__Aim of the task__
Print the lines from the one containing "Forcefield - Deluxe" through the end of the material below, both included, exactly as they appear and without pictures.

__Dataset content__
━━━━━━━━━━━━━━━━
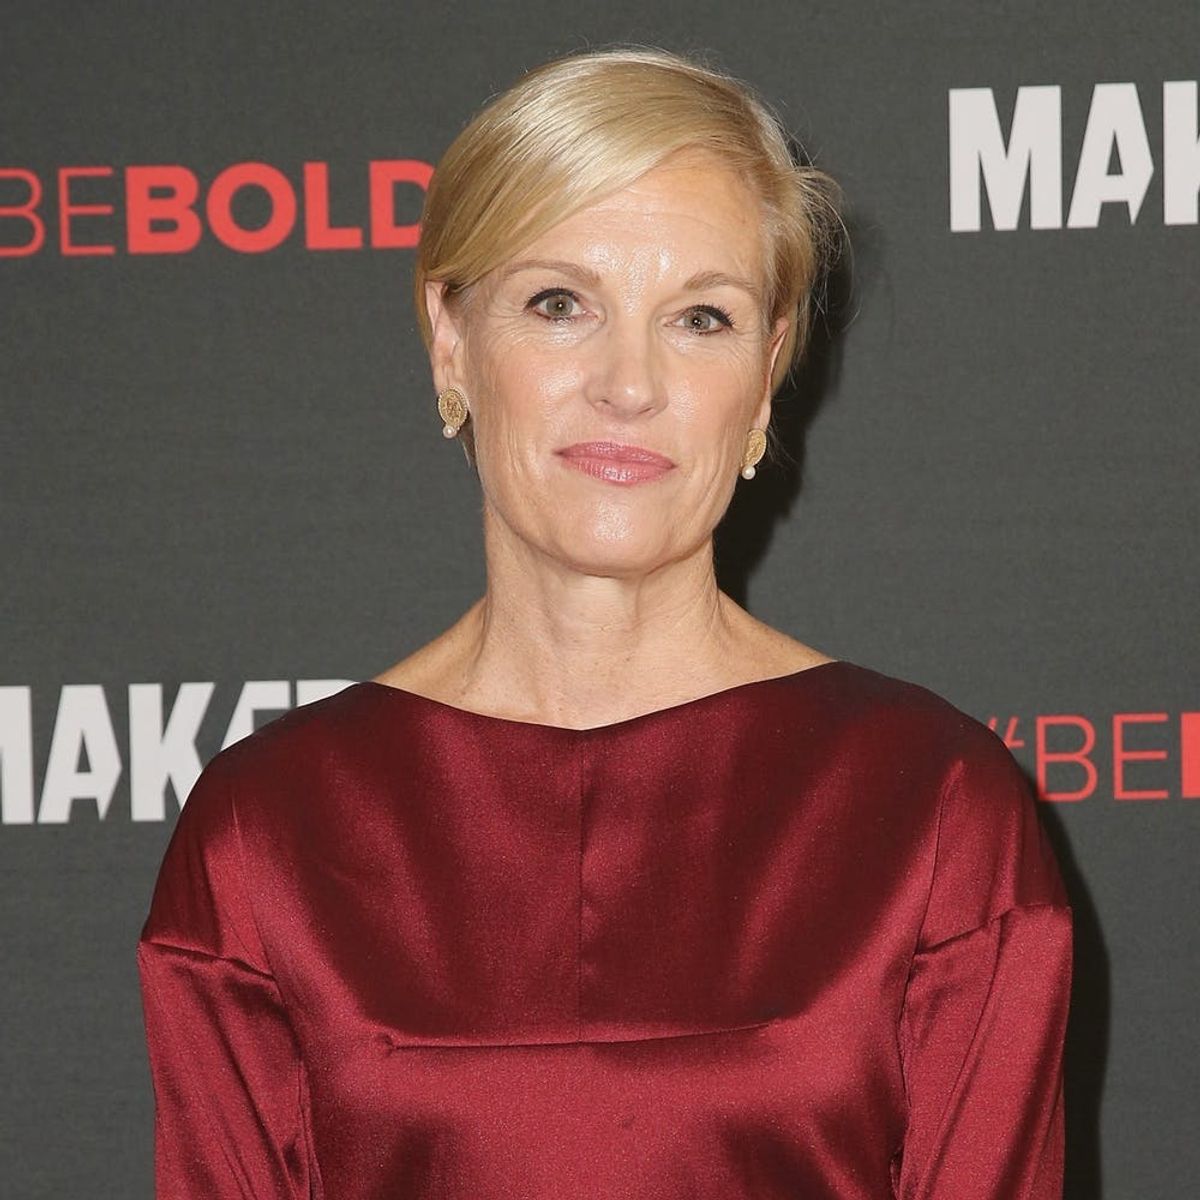 Cecile Richards Talks About How Tech Is Standing Up for Planned Parenthood at SXSW
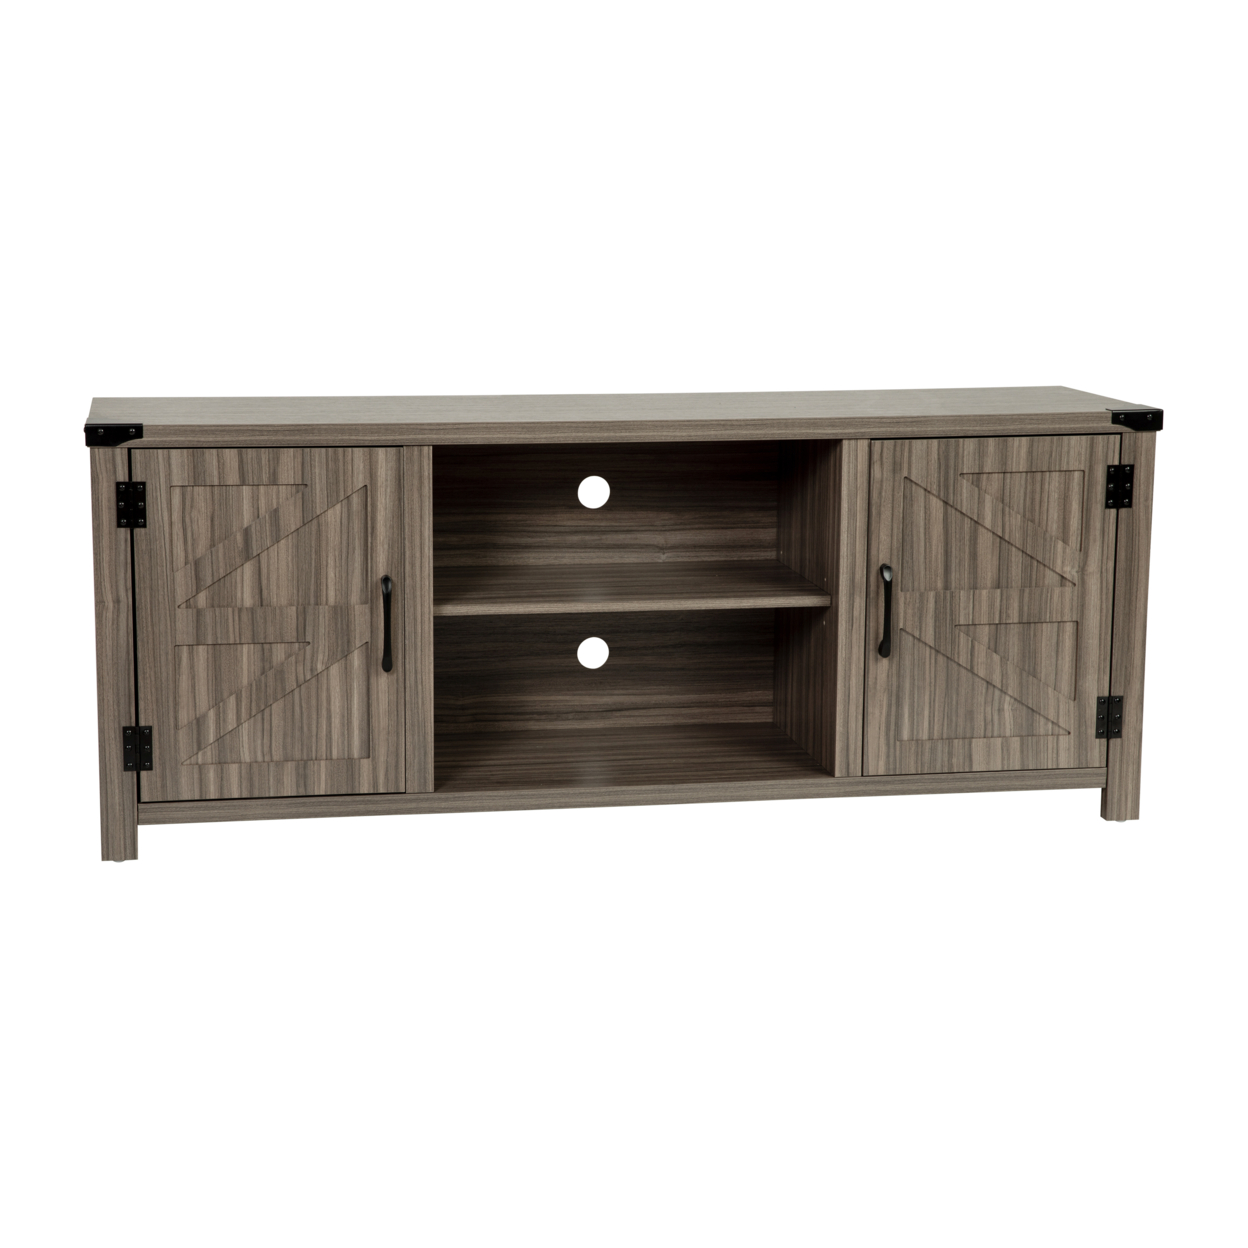 Ayrith Modern Farmhouse Barn Door TV Stand - Gray Wash Oak For TV's Up To 65 Inches - 59 Entertainment Center With Adjustable Shelf
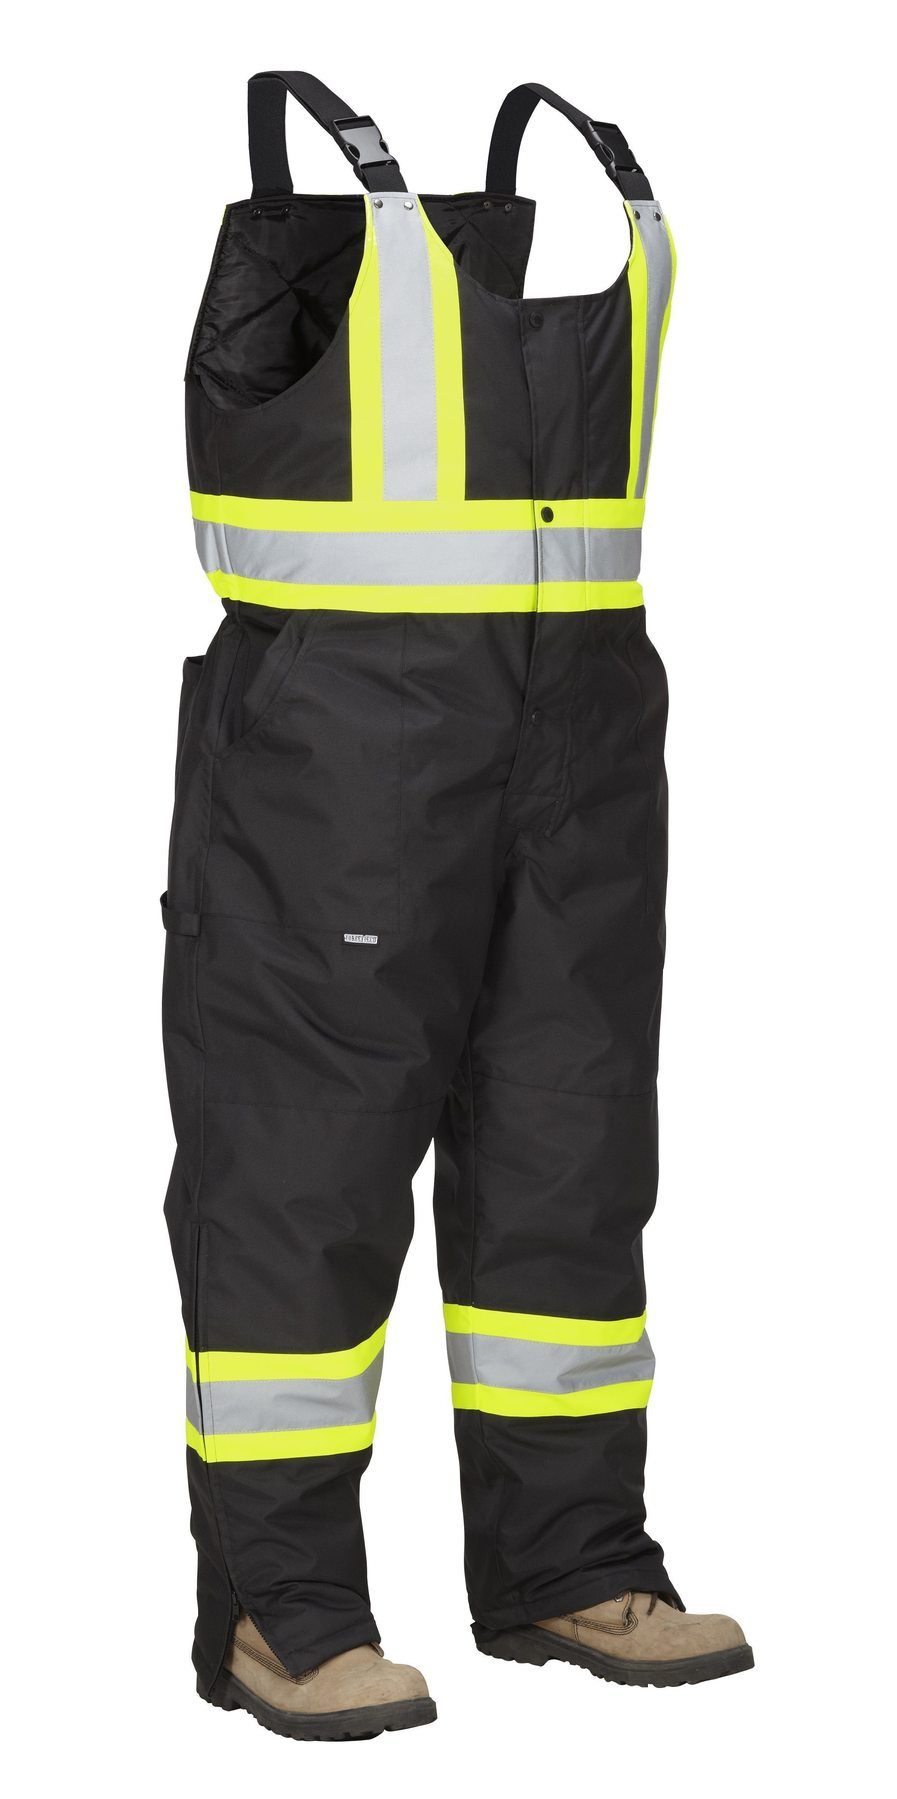 Forcefield - Deluxe Safety Bib Overall - 024-EN835RBK - Black
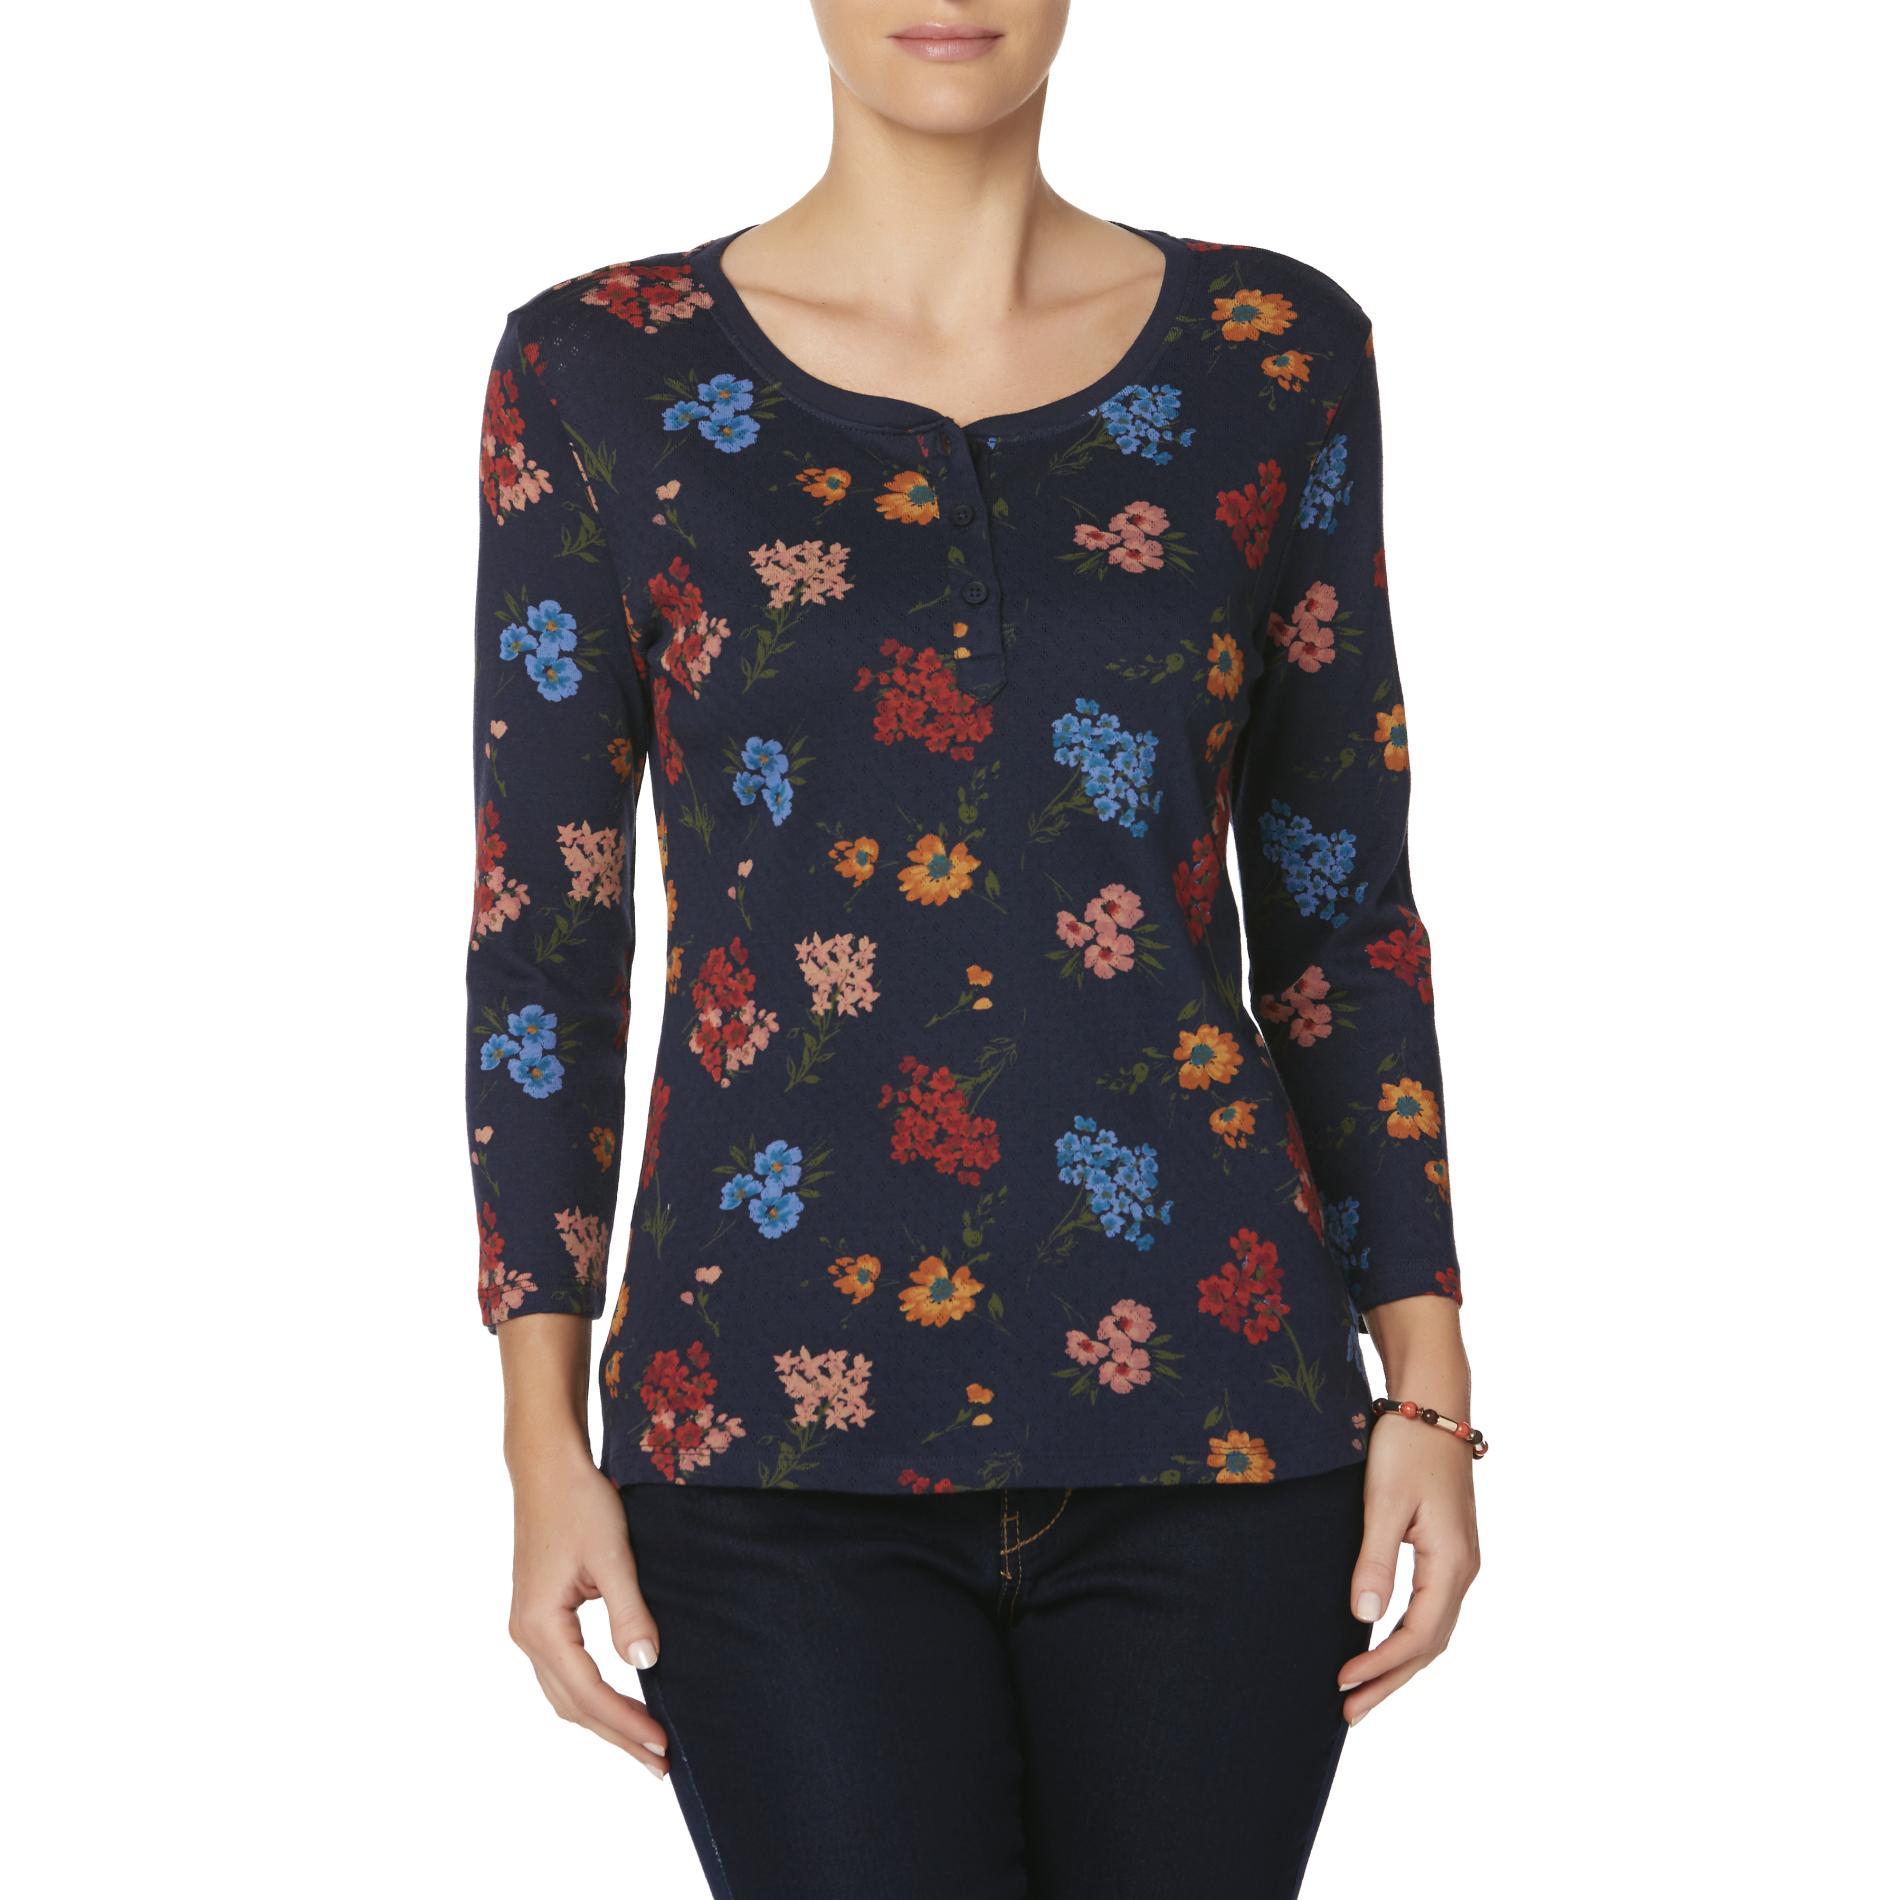 Basic Editions Women's Henley Top - Floral
━━━━━━━━━━━━━━━━
__Answer to this exercise__
 Forcefield - Deluxe Safety Bib Overall - 024-EN835RBK - Black
 Basic Editions Women's Henley Top - Floral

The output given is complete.